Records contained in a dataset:
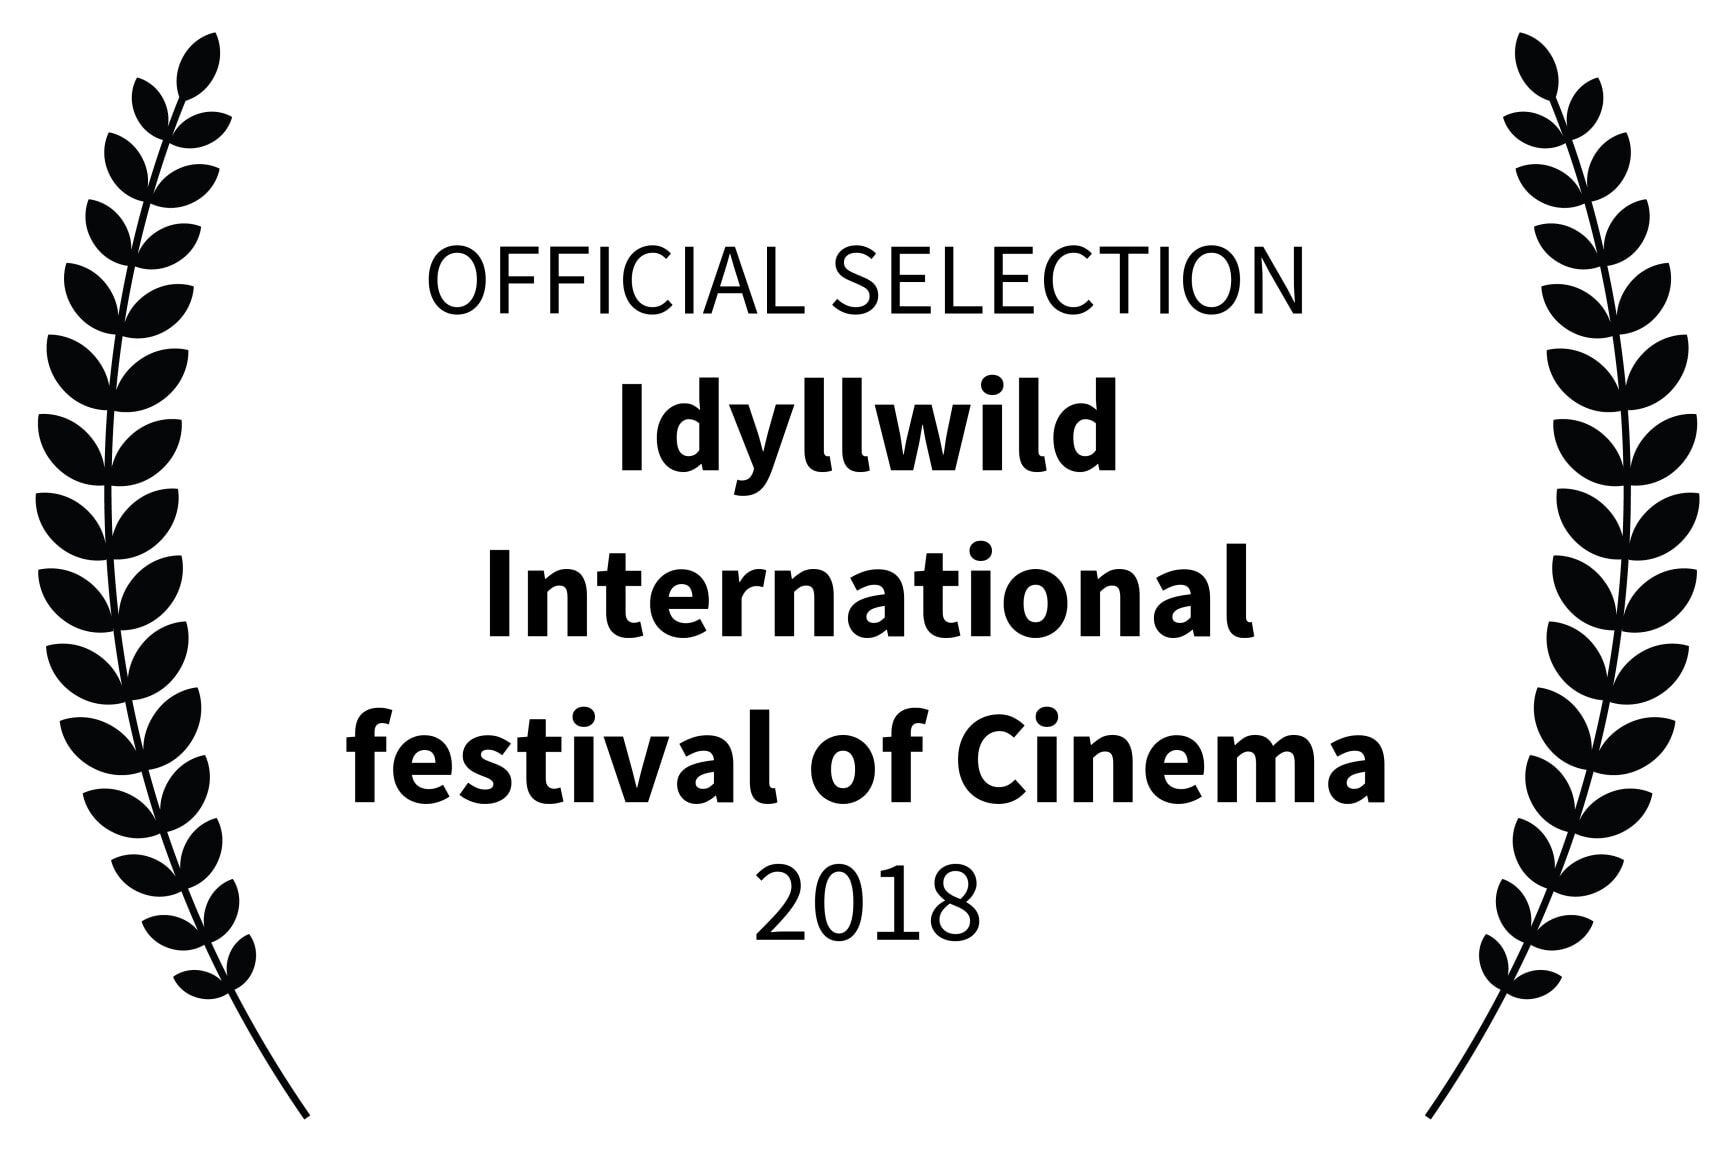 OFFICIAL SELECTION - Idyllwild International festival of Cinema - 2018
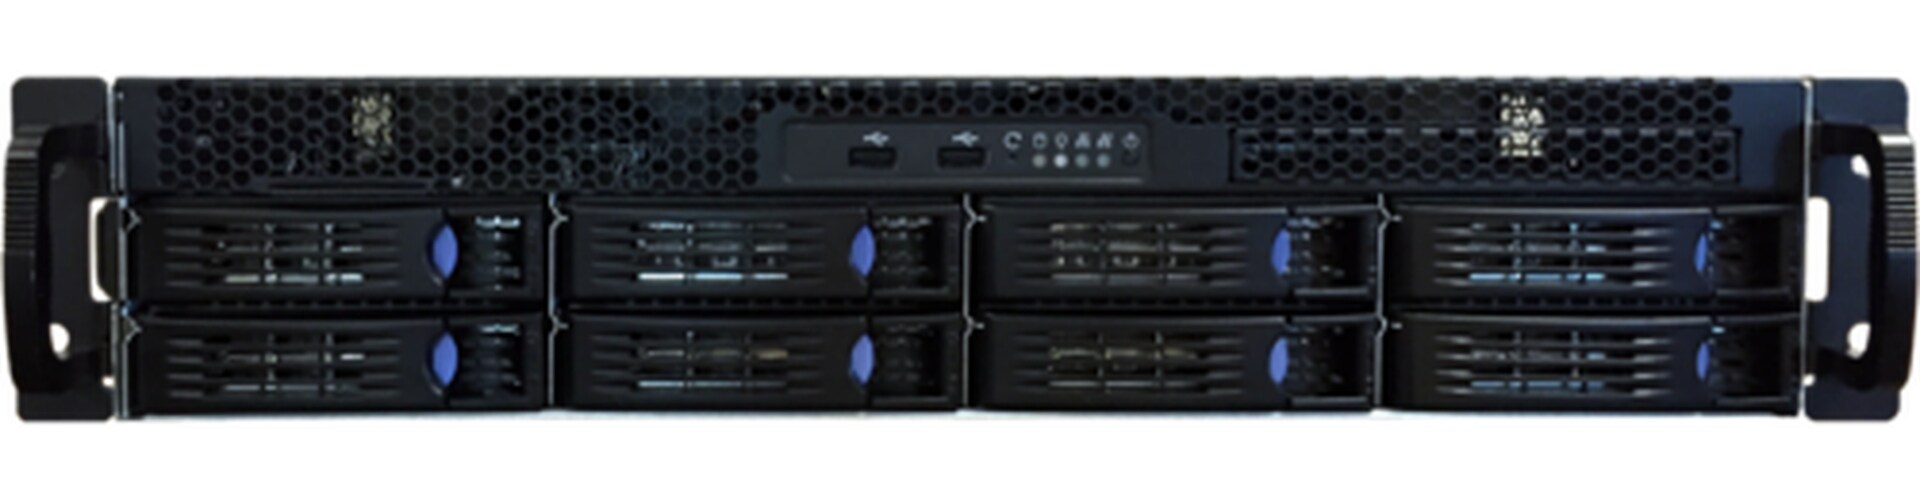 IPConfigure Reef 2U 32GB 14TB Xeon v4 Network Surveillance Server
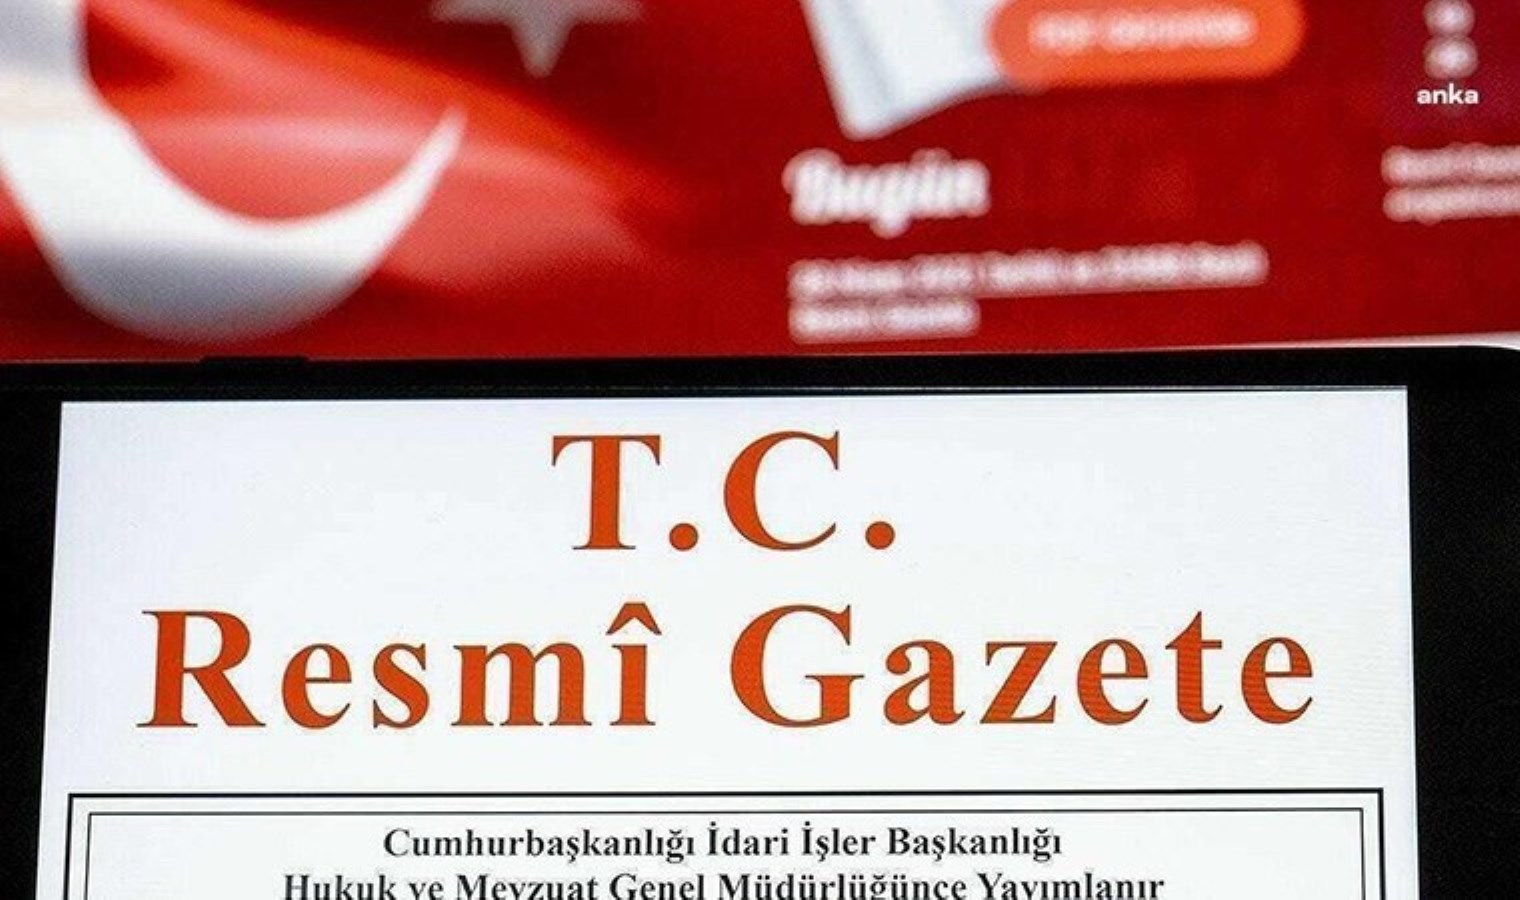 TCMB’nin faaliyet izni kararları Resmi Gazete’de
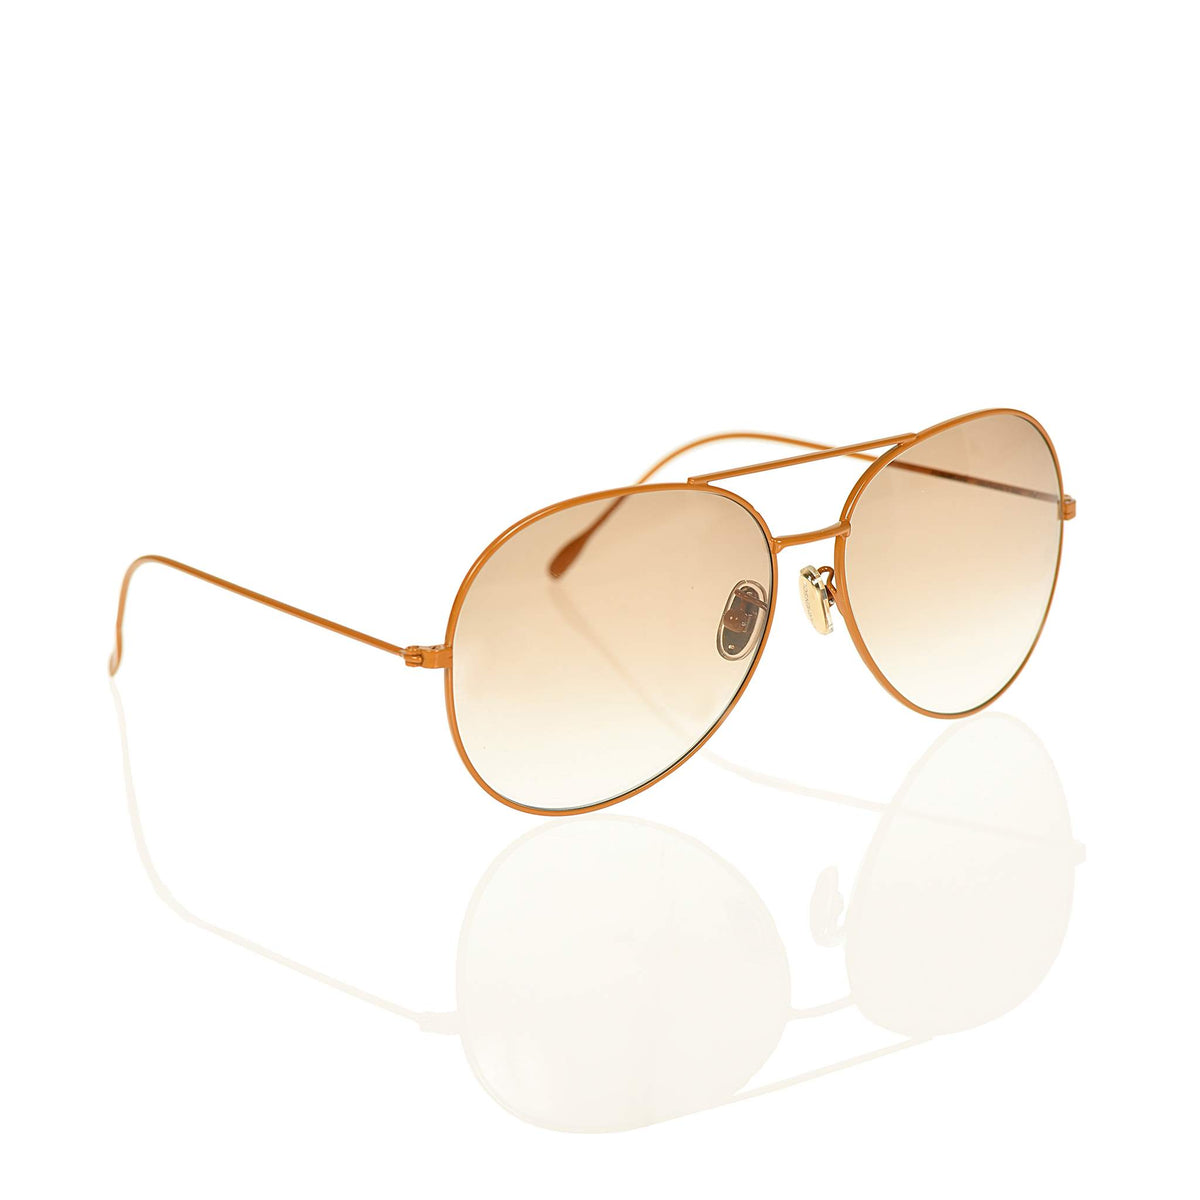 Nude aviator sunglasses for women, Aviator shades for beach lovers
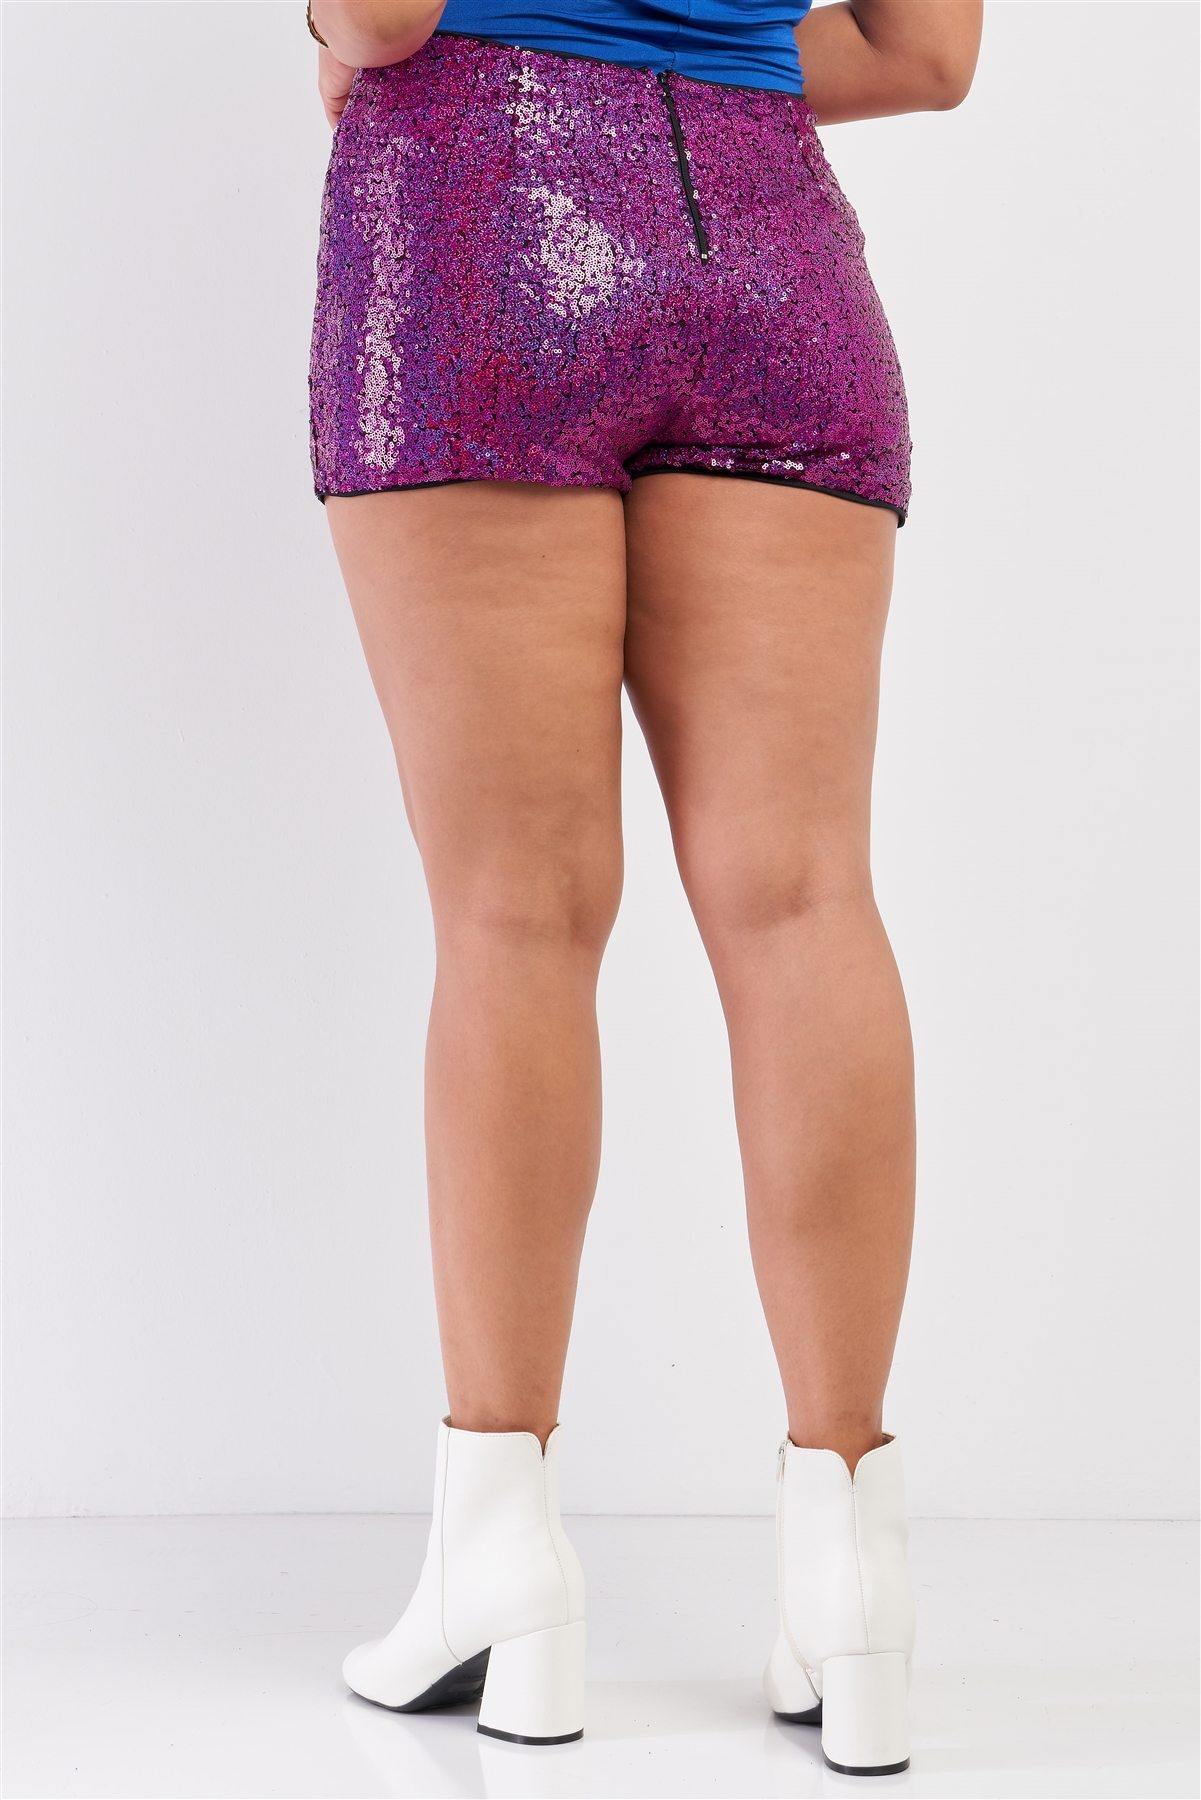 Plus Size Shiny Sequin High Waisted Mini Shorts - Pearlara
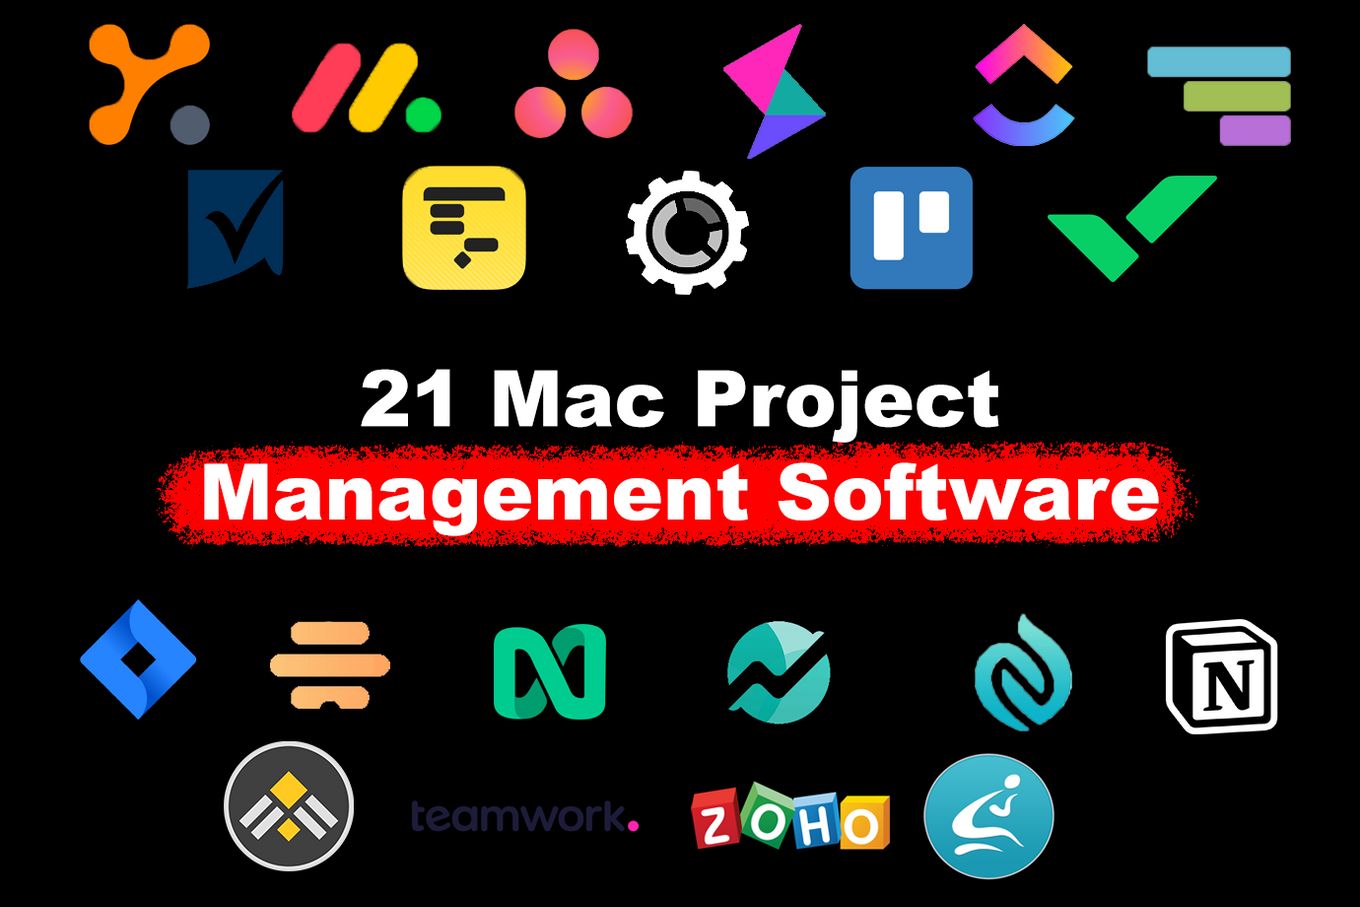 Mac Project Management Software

**What is being asked**
Write out the data exactly, but not its pictures.

**Result**
 OFFICIAL SELECTION - Idyllwild International festival of Cinema - 2018
 IPConfigure Reef 2U 32GB 14TB Xeon v4 Network Surveillance Server
 TCMB’nin faaliyet izni kararları Resmi Gazete’de
 Nude aviator sunglasses for women, Aviator shades for beach lovers
 Plus Size Shiny Sequin High Waisted Mini Shorts - Pearlara
 Mac Project Management Software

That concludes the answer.